Every day, in newspapers, magazines, television, and online, we
are exhorted to lose weight. Alarming statistics about our
national overweight and obesity rates are regularly revisited
and the dangers of carrying too many pounds are trumpeted by
dietitians, nutritionists, medical specialists, and the weight
loss gurus on their talk show tours.

They don’t have to keep trying to convince us that ideal weight
is healthier; we know that. No one has to point out that life is
more fun when our activities are not hampered by fifty pounds of
excess fat; we know that.

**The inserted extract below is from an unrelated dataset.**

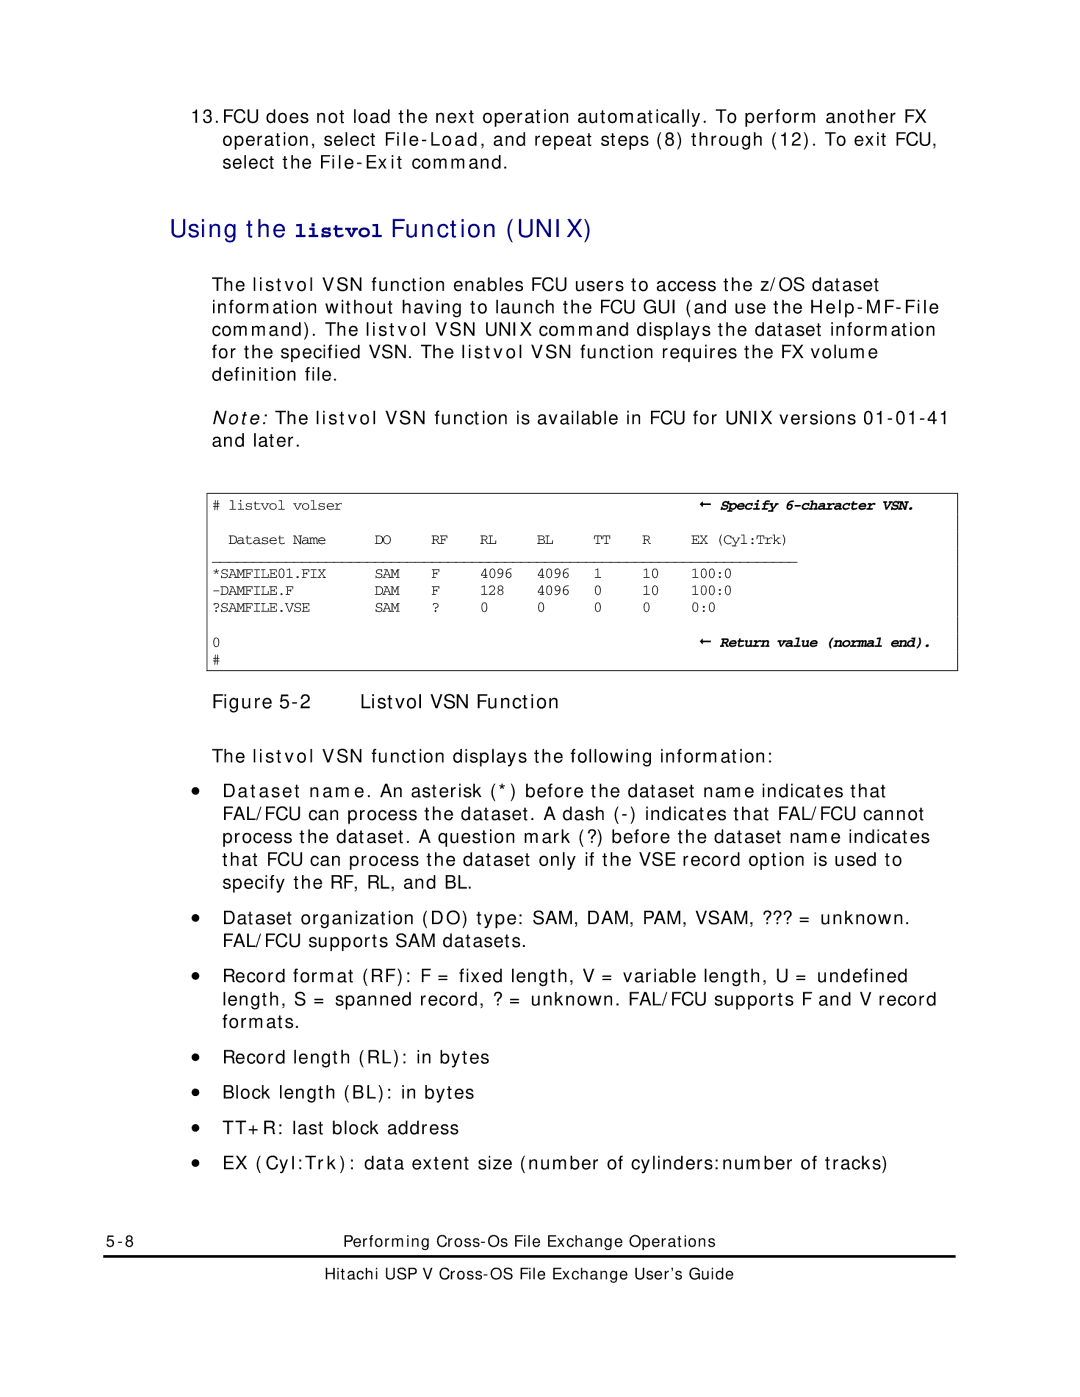 Hitachi MK-96RD647-01 manual Using the listvol Function Unix, Listvol VSN Function

The joy of accepting that we look
attractive and slim doesn’t have to be hammered into our brains;
we know it already!

We know the problem. We try to solve it by starting one of the
thousand of diets floating through the media. We shell out our
money for supplements, pills, support meetings, and online
weight clubs. We know what we need to do and desperately try to
follow through.

None of us start a diet intending to fail. The money and time we
spend is part of a genuine effort to lose, not merely throwing
away excess funds to assuage our conscience. But why is the
problem getting bigger all the time when millions of us are
following the advise we’re being given?

Losing weight is terribly hard. Even more difficult is keeping
it off. So we yo-yo our way through life, eagerly embracing
every new program that comes along, believing the promises and
testimonials we read, and waiting impatiently for the silver
bullet we pray will appear.

After years of recurrent failure, we start to feel hopeless. Our
dreams are repetitively battered on the rocks of dozens of
unsuccessful diet attempts. We begin to wonder if all the effort
is worthwhile. Before we throw in the towel and surrender
ourselves to a lifetime of fat, let’s look at the process of
weight control and see if it’s worth giving it one more shot.

“I want to lose forty five pounds.” A statement like that is
usual at the start of a diet. We are willing to take whatever
action is needed to get started on our quest. We may try a
particular program or a pill or a general cutback in food
intake. Whichever approach we take, we are focused on our need
to lose forty five pounds.

The first week we lose three to five pounds and we are ecstatic,
smiling down at our scale as if it were an ancient genie oozing
out of its magical bottle. The second and third week, the loss
continues although at a slower pace. We’re still happy and
enthusiastic; it is all working as it should.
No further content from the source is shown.